▶ [Task directions]: Reproduction of part of the material below, pictures omitted: copy exactly, and only, the lines starting with the one with "Real Men Make" and going on through the one with "On the Origin of Ethics".

▶ [Material provided]:
+-------+

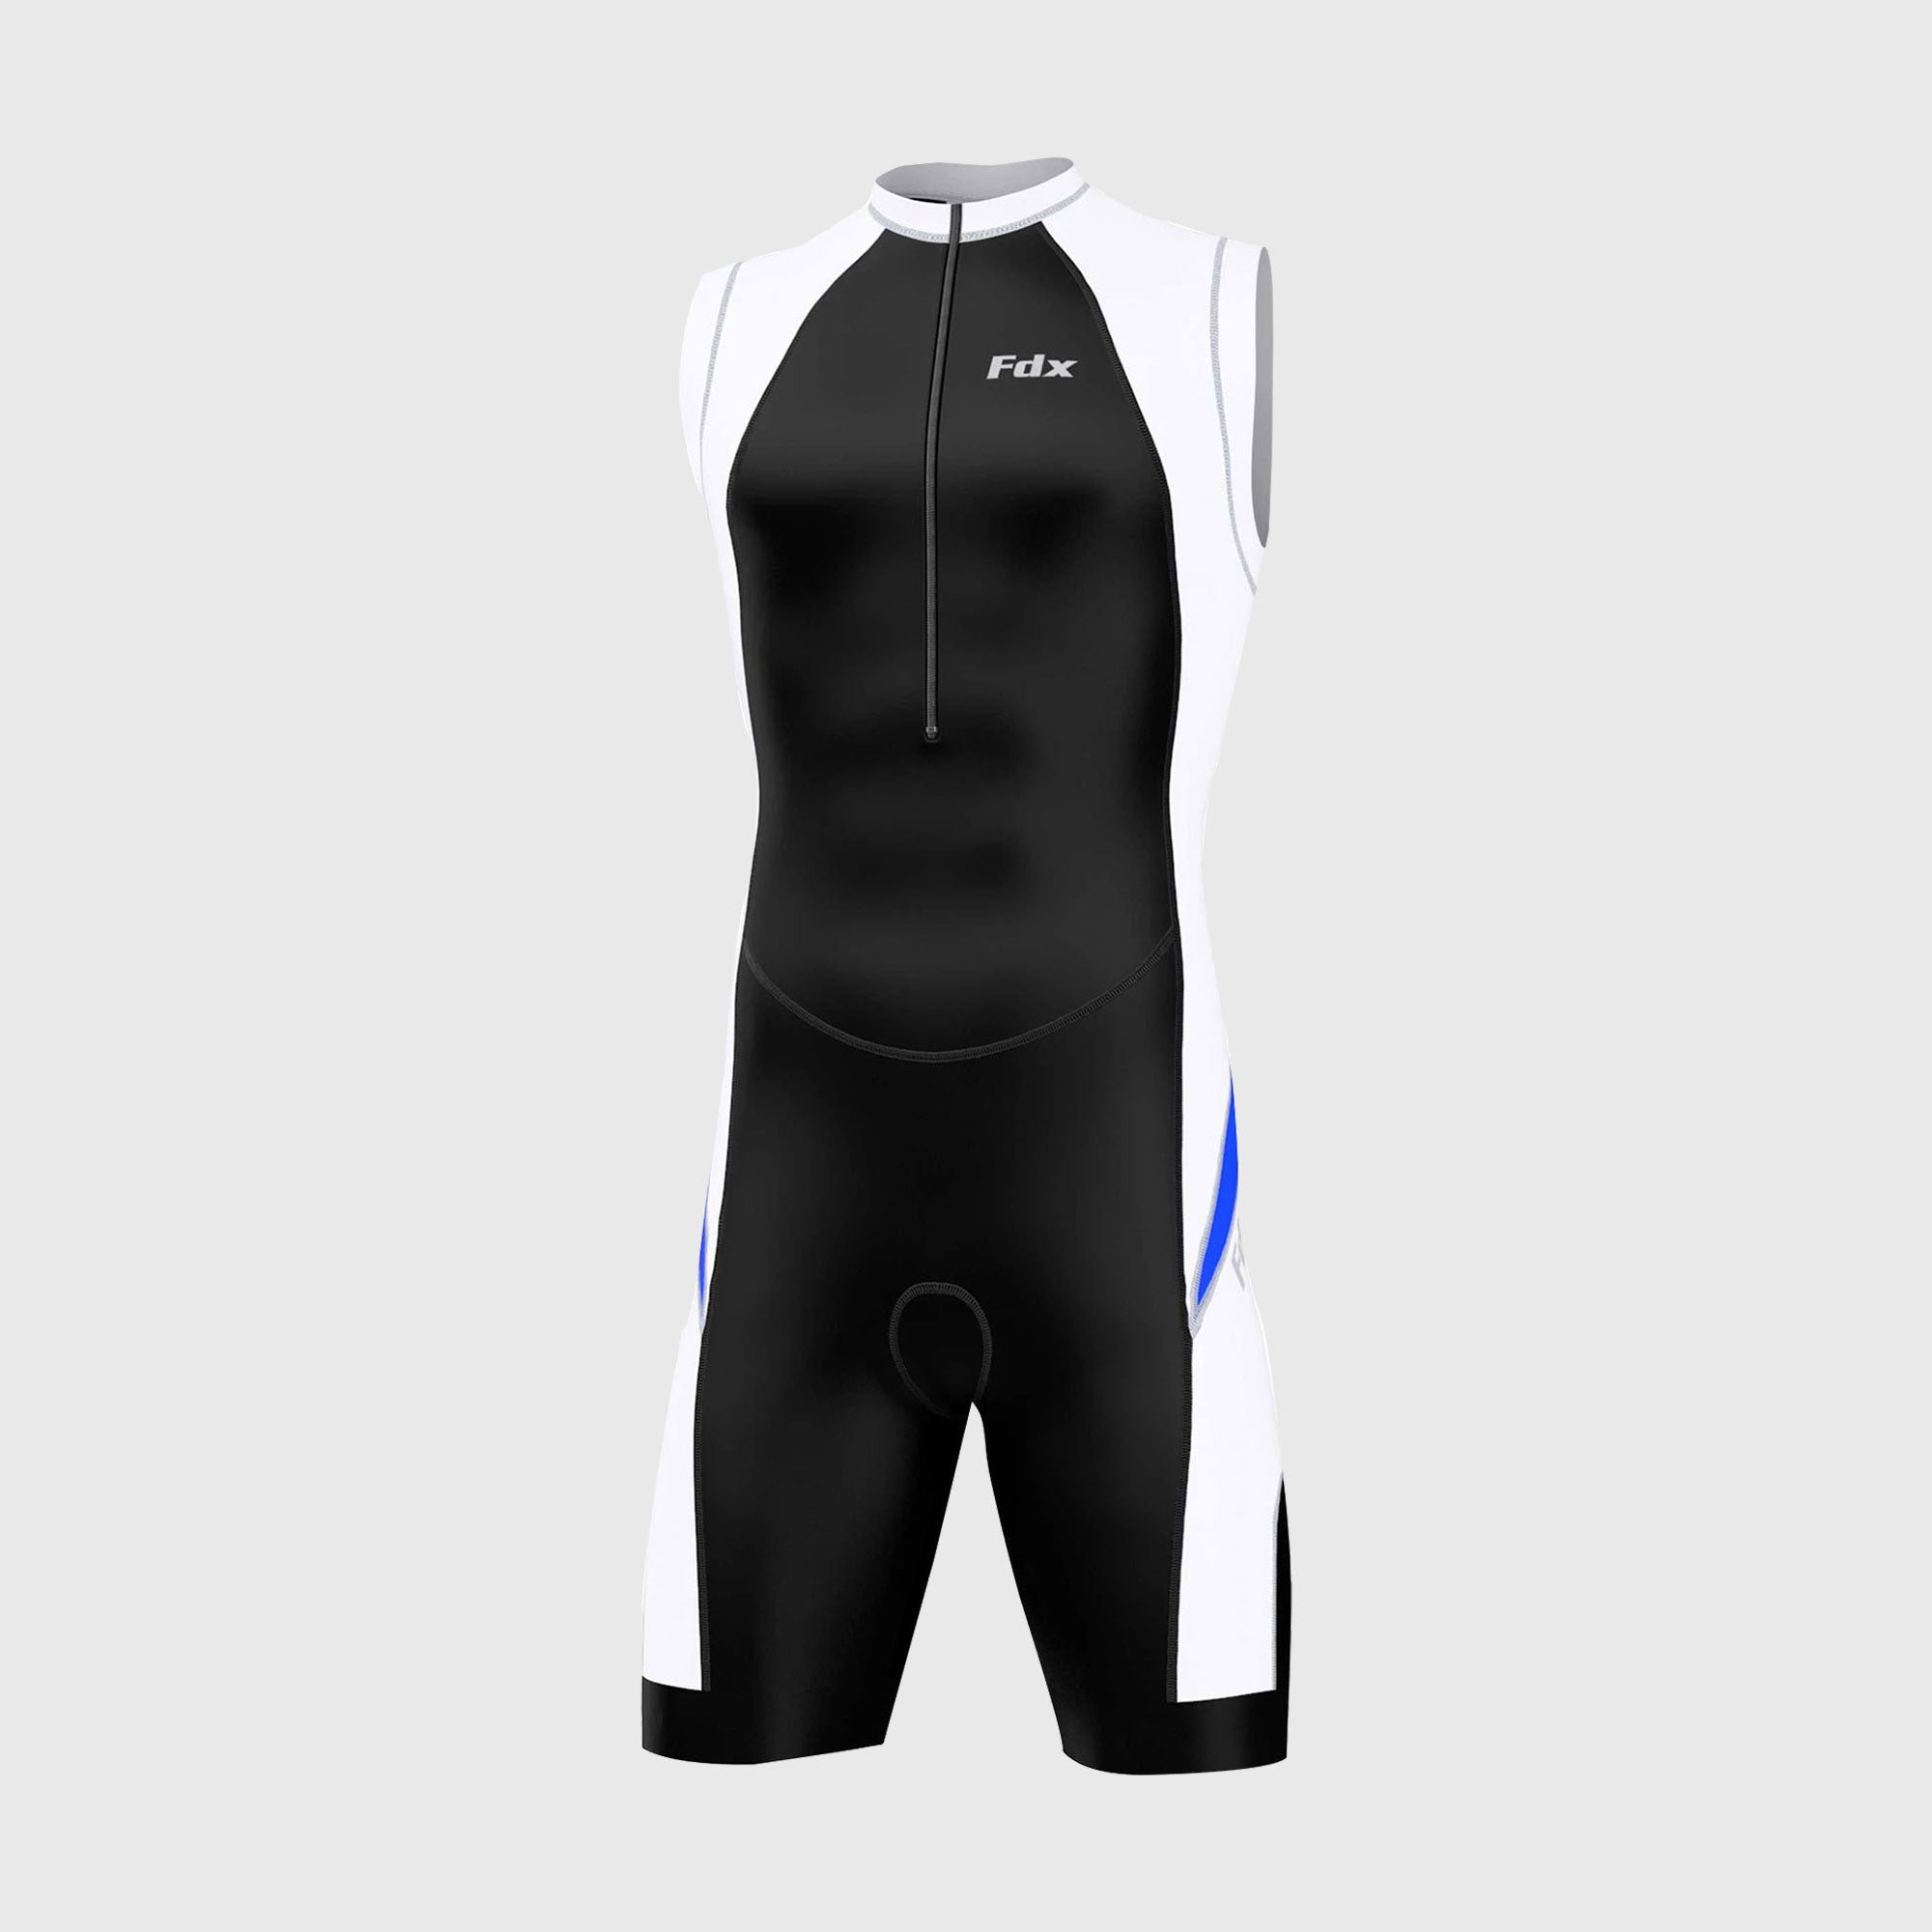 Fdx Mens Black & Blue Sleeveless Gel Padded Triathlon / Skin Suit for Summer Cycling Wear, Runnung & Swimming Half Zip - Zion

+-------+

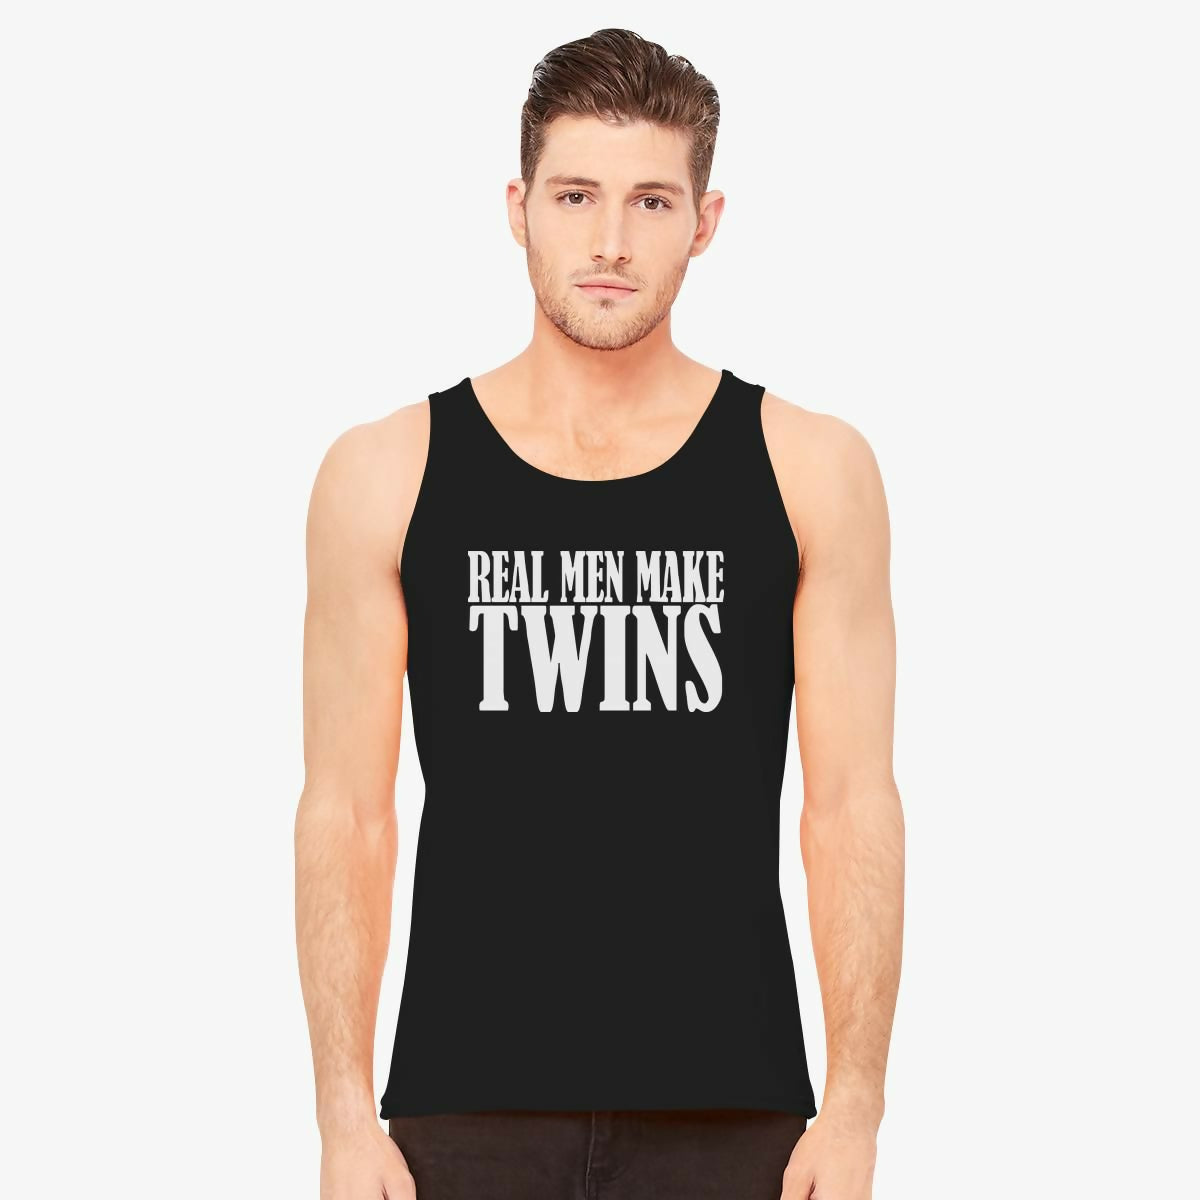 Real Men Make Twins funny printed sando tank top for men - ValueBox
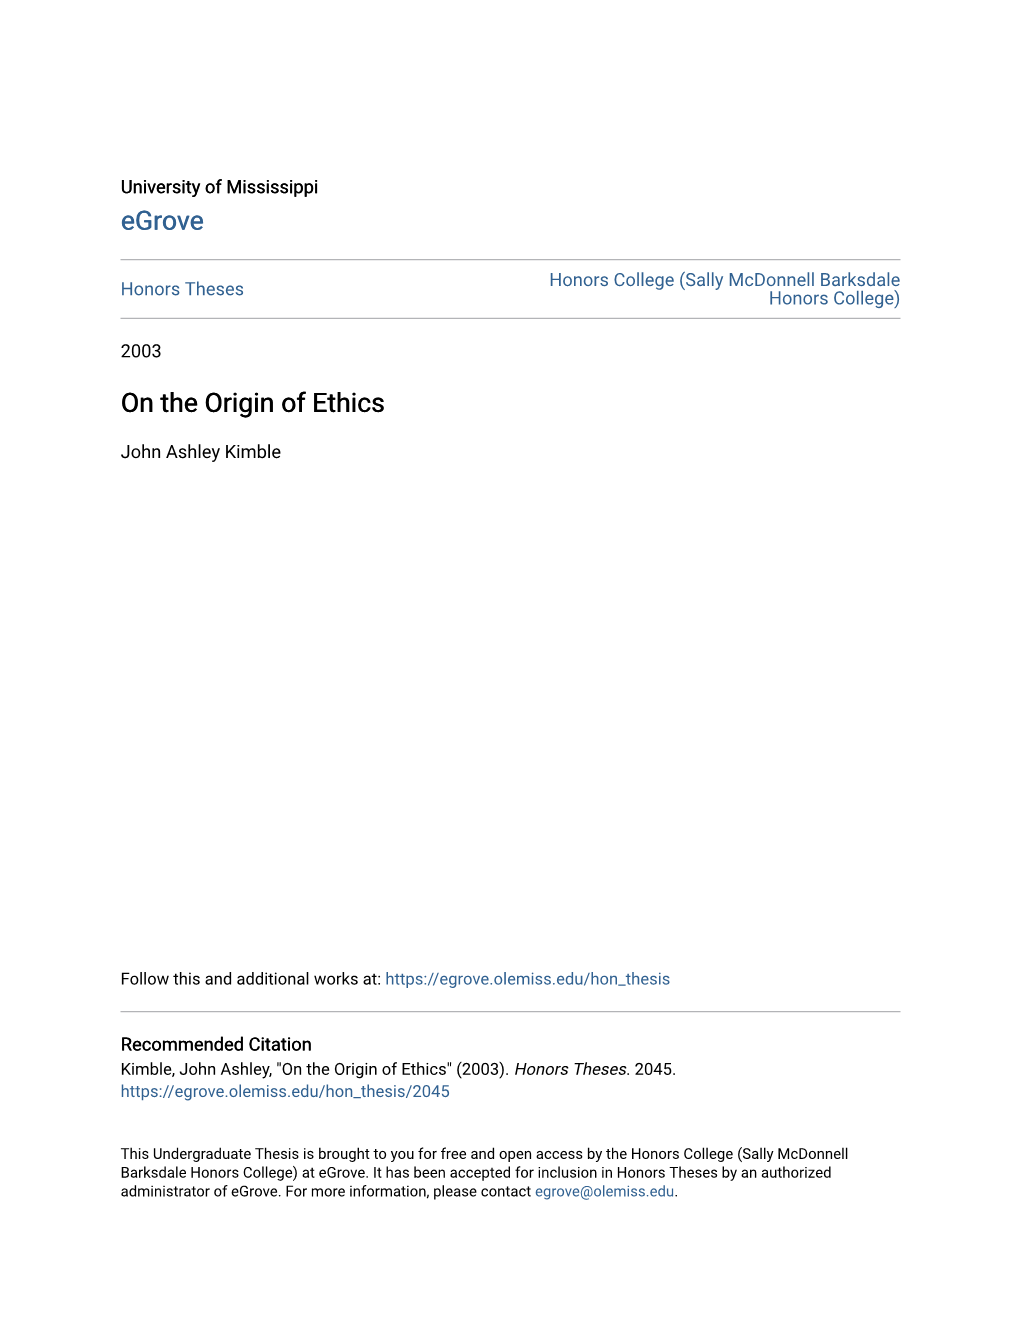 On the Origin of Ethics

+-------+

▶ [Finished exercise]:
 Real Men Make Twins funny printed sando tank top for men - ValueBox
 On the Origin of Ethics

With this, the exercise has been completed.